Oh don't even get me started with the men!!! I don't know if the edgy hair is to blame or my badder ass personality that evolved from the hardcore stuff I've been through... but I definitely felt a decrease in head turns and hit ons nowadays. Wait, let me correct that. I still get checked out but it's more because I look kinda' "cute" and fun or I seem crazy and would be game for S&M or some weird shit like that. Not because I'm sexy in a sweet and lady-like kind of way. This isn't exactly a big deal to me but of course, at the end of the day, I'M STILL A WOMAN. And feeling attractive for the opposite sex still matters. So yeah, cute and crazy it is then. Better than no compliments, I guess.

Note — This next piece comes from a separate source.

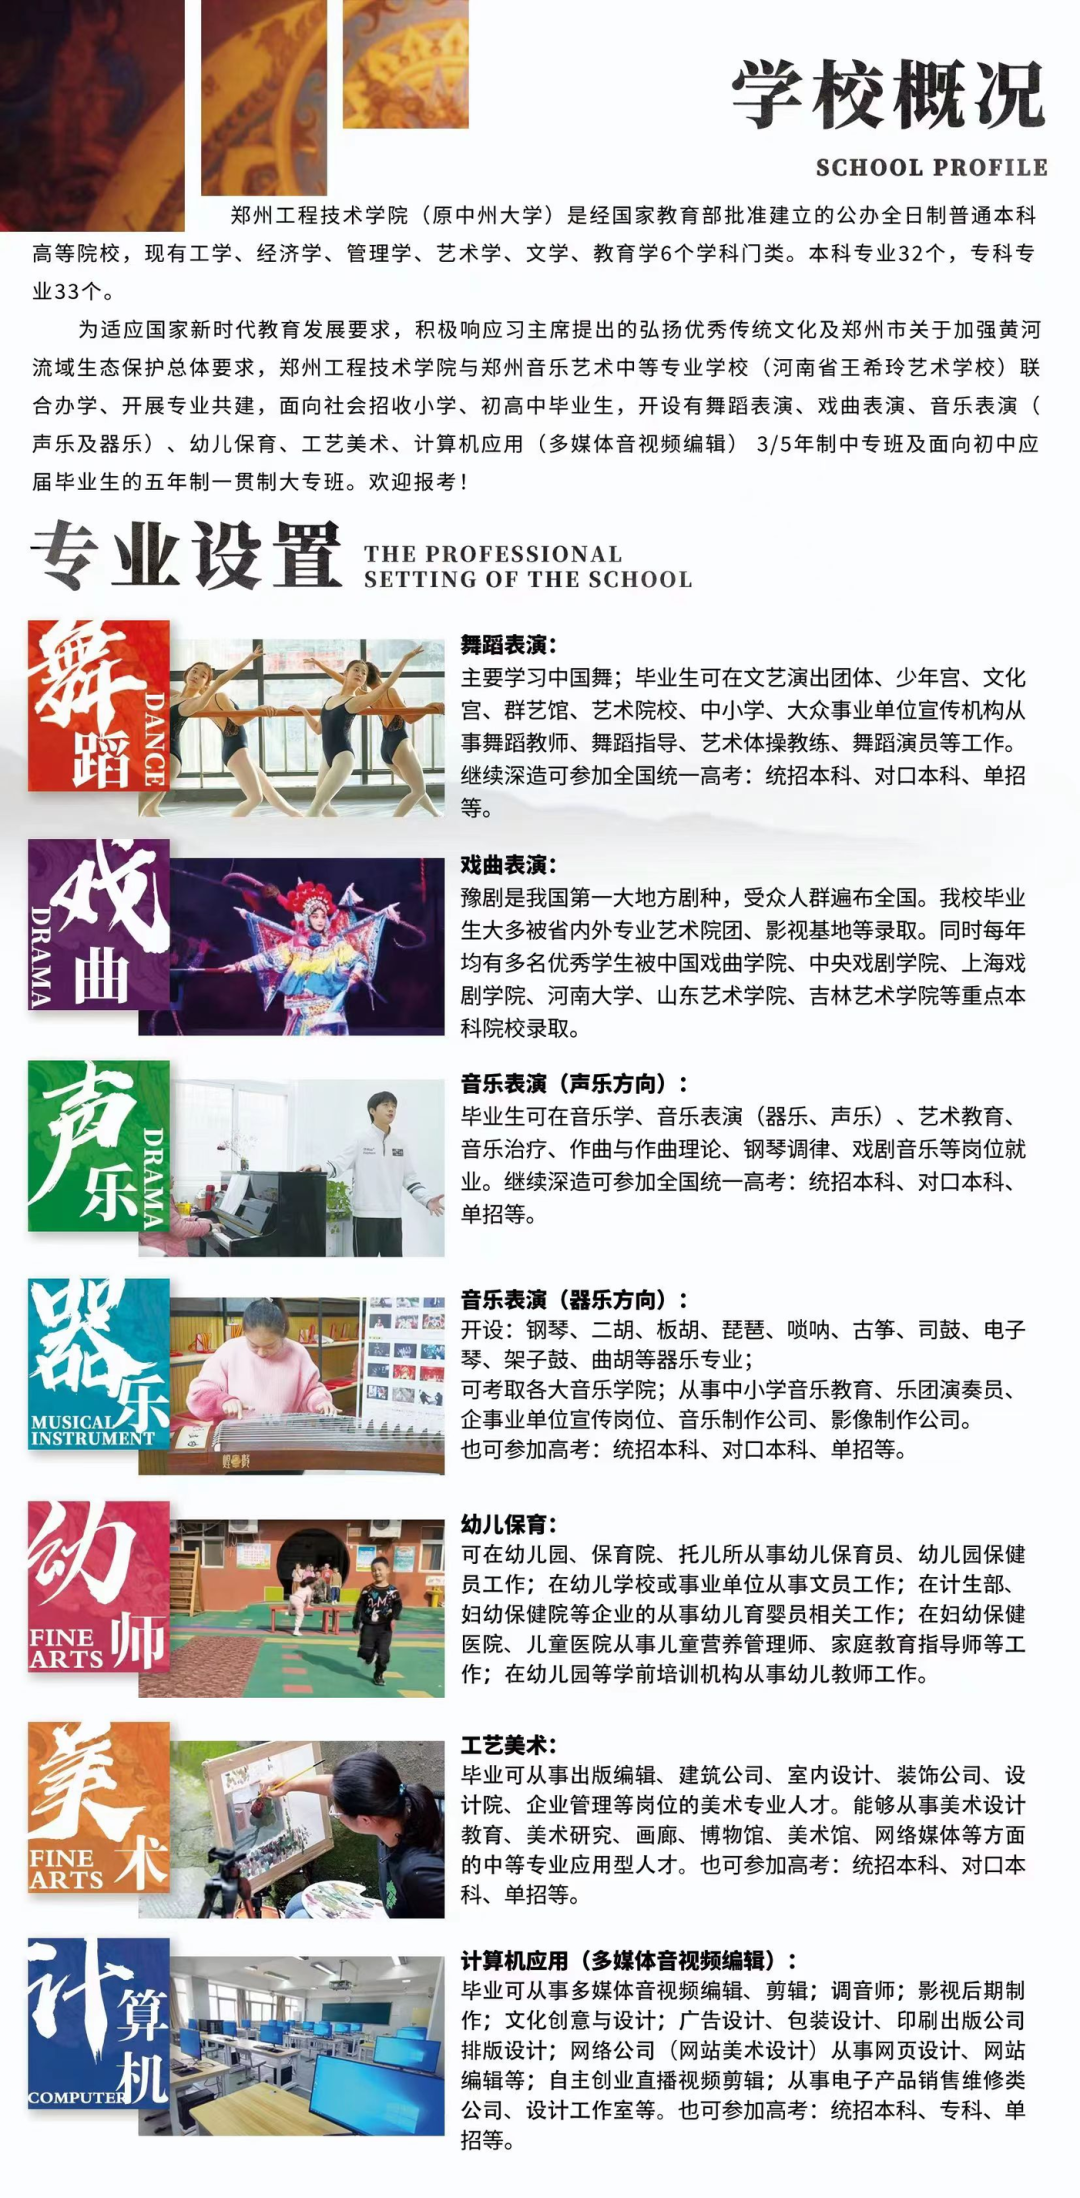 郑州音乐艺术中等专业学校与河南广播电视台全媒体签约“战略合作伙伴” (http://www.hnyixiao.com/) 校内新闻 第9张

My rich life experiences coming from a dysfunctional family, building a showbiz career, traveling the world alone, winning over breast cancer and living the creative life technically classifies me as a bonafide adult. But not having any investments, no family of my own, no big financial responsibilities and commitments and no anchor to tie me down anywhere places me in this woman-child limbo. I'm mature enough to hang out with grown-ups but I can't relate to their investments, marriage and children talk. So I swing over to the millennials but I'm too old for their love problems, career searching and consumer-driven mentality. That's why I'd rather sit in one corner and write this blog than feel misplaced in social conversations.
A part of me wants to go nuts and do whatever the hell I want... live like it's the last day on Earth because of my close death encounter... spend on whatever makes me happy, not think too much, just indulge and LIVE. But a part of me wants to plant roots, get settled and establish something that will yield benefits on the long overhaul. That's the responsible side of me craving for some sense of stability and security as I'm almost about to hit 40. So again, I confuse people when I vent because I keep turning tables. One day, I talk about wanting to travel the world on a budget and give Hollywood a shot. The next day, I express desire in opening a good business and getting my own place to get settled. Yup. Confused A.F.
I'm nearing my 40s, an immigrant living in America for 3 years, who lived in other parts of the world which resulted to my weird English accent and cultural diversity. So I'm originally Asian with an Australian experience that got cultured in Europe and now becoming Americanized. So strangers get confused when I explain why I'm not too Filipino nor American enough. Talk about halo-halo.
And when people ask what do I do for a living, I want to hide under the nearest closet as I don't know how to make it simple. I'm a mixture of an artist, life blogger, inspirational influencer, commercial model, YouTuber, writer, ranter, events host, motivational speaker and now a nail stylist along with being a part-time residential apartment concierge. I'm so used to people just giving me this strange "what the hell is she doing with her life" every time I explain what I do but I'm used to it. I guess that's part of being an artist living the creative life... not everyone will understand your jam and that's part of the deal.
So yeah. Let's see how my transition evolves. But for now, all I can do is glide through life as a woman-child, deal with all these awkward thoughts and human encounters, find comfort in being misplaced as a non-mom at 38, non-full adult, non-conventional life and own this somewhat cute and crazy curly awkward hair.